There is no defined rule for which depth and/or coverage thresholds to use to keep or remove a sample from downstream analysis. Take “Sample4” in our example above: it only has a median depth of 24x with 77% of the genome covered at 10x, and a very sharp curve in the cumulative coverage plot. Should we remove this sample from further analysis? On the one hand, this sample may give less accurate information compared to other samples. On the other hand, if a high-frequency variant is present, we may still be able to detect it and it may therefore be a useful data point for our analysis.
12.5.3 Amplicon dropout
Another consideration to take is whether there was any PCR amplicon dropout (detailed in Section 5.2.2). In particular, if you sistematically failed to amplify the S (Spike) gene, where many lineage-distinguishing mutations occur, this may lead to poorer lineage abundance estimation, as we are missing data in those regions of the genome.
Again, there is no rule about whether or not to exclude a sample from analysis based on amplicon dropout, but it is important to look at the Amplicon Coverage Heatmap of the MultiQC report and make a note of any samples that may be particularly problematic.
A sistematic amplicon dropout may indicate that improvements are needed during the lab protocols or that new primer panels are required.
In some cases, amplicon dropout is lineage-specific, for example due to mutations in the primer sites. These cases will be very difficult to detect in wastewater samples, since they usually contain mixed lineages. If a lineage is characterised by several mutations across different amplicons, this may not cause an issue, as Freyja will still be able to calculate its frequency from the other mutations. However, in some situations it may lead to a bias that we cannot easily control for.
The figure below illustrates this issue, as well as the issue of low depth of sequencing discussed earlier.
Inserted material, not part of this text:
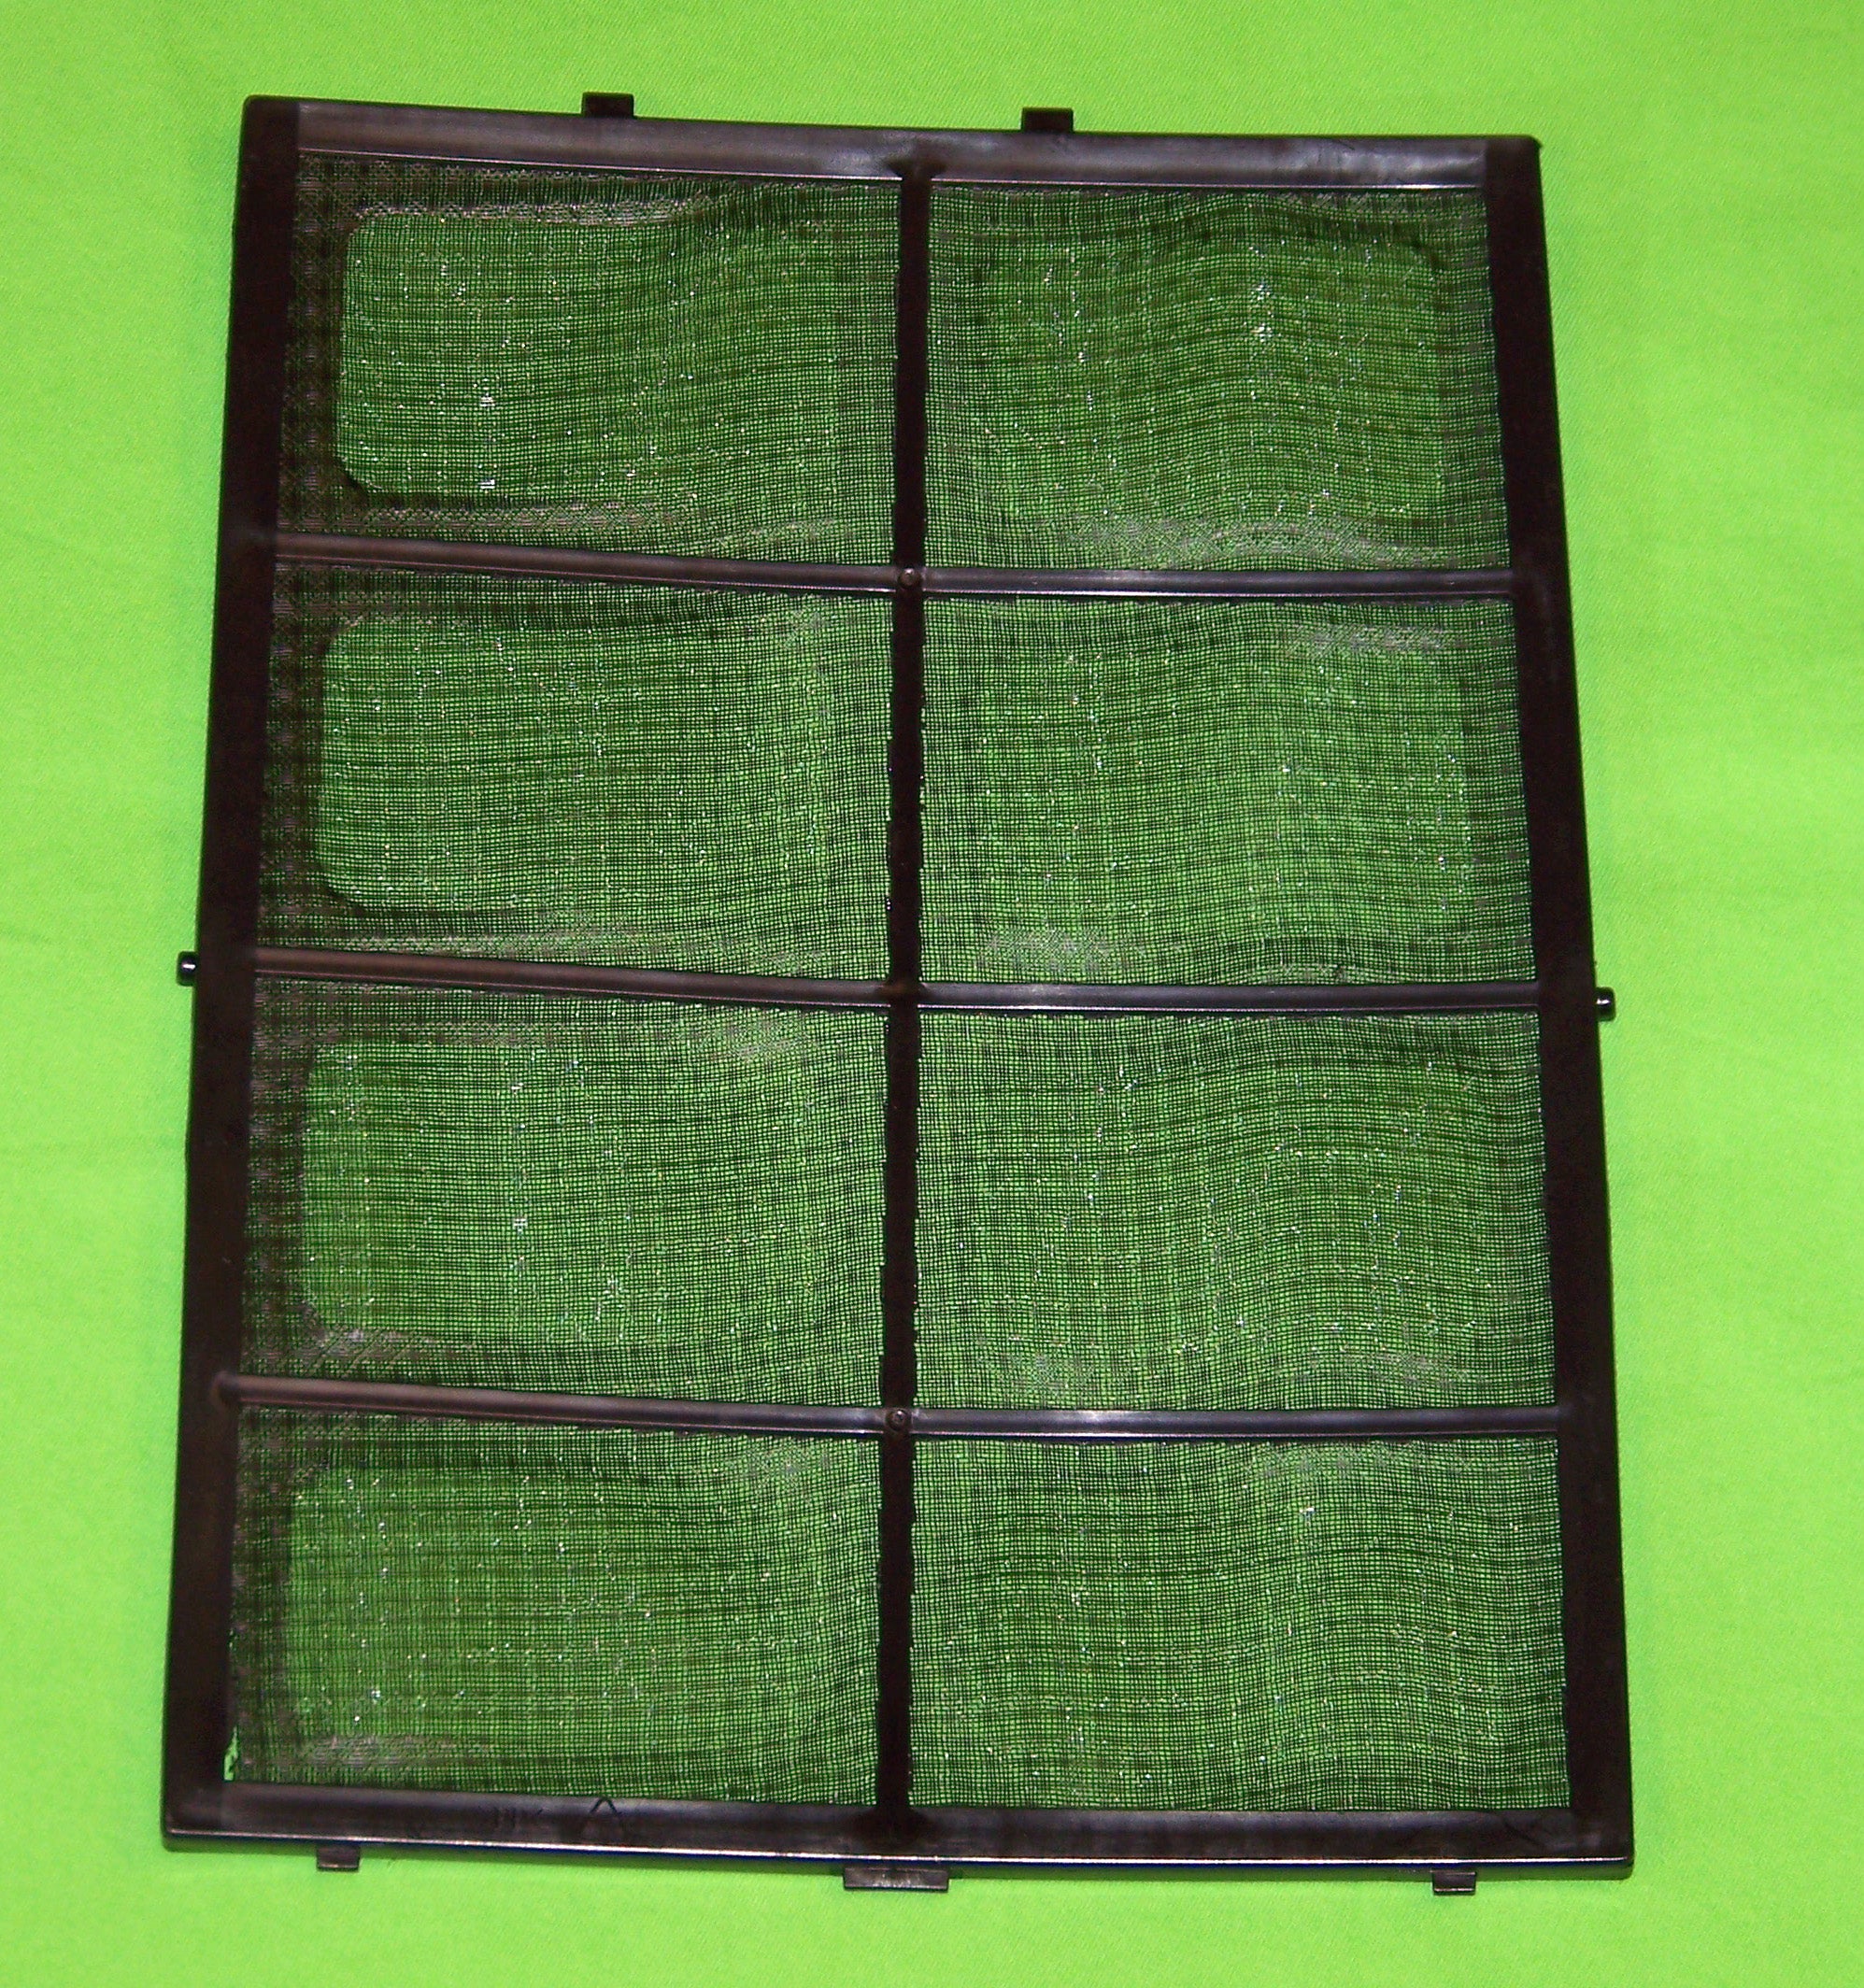 OEM Delonghi Air Conditioner Filter Originally Shipped With: PACWE125, PACWE130

In summary, although it is not always easy to decide whether to keep or remove a sample from analysis, evaluating the sequencing depth and genome coverage is a good indicator for which samples may be more or less accurate. We may decide to keep them in our analysis, knowing that we need to interpret their results more carefully. Finally, for surveillance purposes, you may want to discuss as a team which thresholds you want to use to exclude samples from reporting and consistently apply those across the teams performing the data analysis.
12.6 Exercises
12.7 Summary
- The main bioinformatic steps for lineage abundance estimation from sequencing data are: quality filtering of raw reads, mapping to the reference genome, trimming PCR primers, identifying mutations and their frequency and estimating lineage abundance.
- The development version of
viralrecon
can perform lineage abundance using the Freyja software.- For wastewater data, we usually skip the generation of a consensus genome, as it would not necessarily be reflective of the genomes present in the sample.
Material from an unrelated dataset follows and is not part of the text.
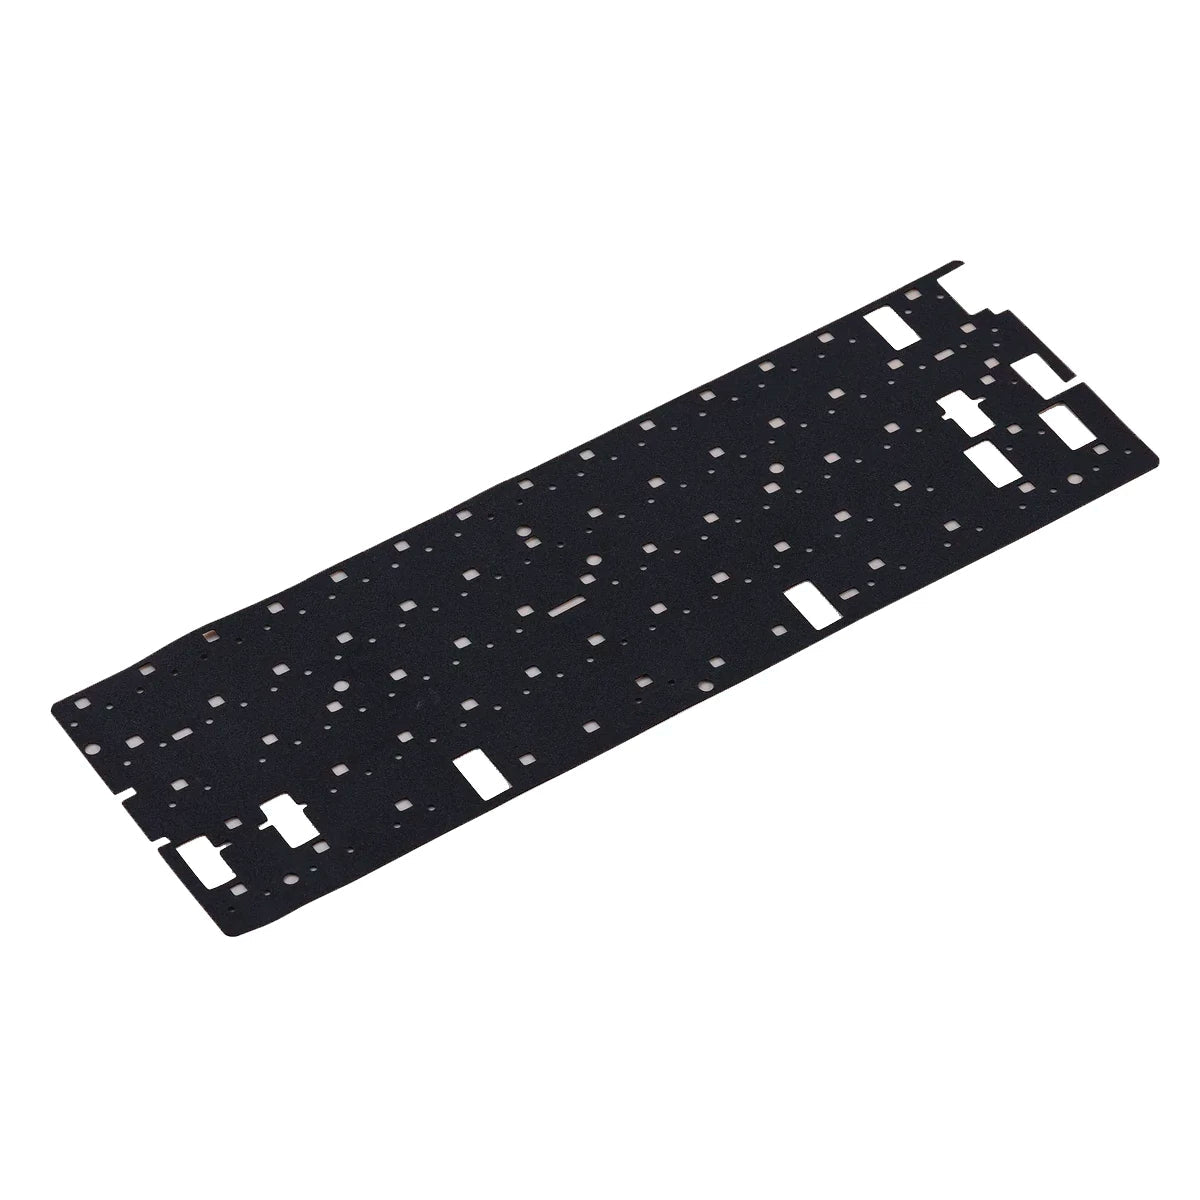 KBDfans Wooting60 HE Compatible Plates - Divinikey

- Freyja combines mutation frequencies and their sequencing depth with known lineage mutations, to infer their frequencies in the sample.
- Higher sequencing depth gives more accurate estimates.
- Low-frequency lineages are harder to detect and their frequency estimates less accurate.
- Very similar lineages may be artificially assigned the same frequency, if some of their distinctive mutations are missing from our data.
- Sequencing depth, genome coverage and amplicon dropout are important metrics to assess the quality of wastewater samples, as they may affect the accuracy of lineage abundance estimation.
- Lineage abundance estimation relies on previously known lineages, and therefore new lineages are not directly reported.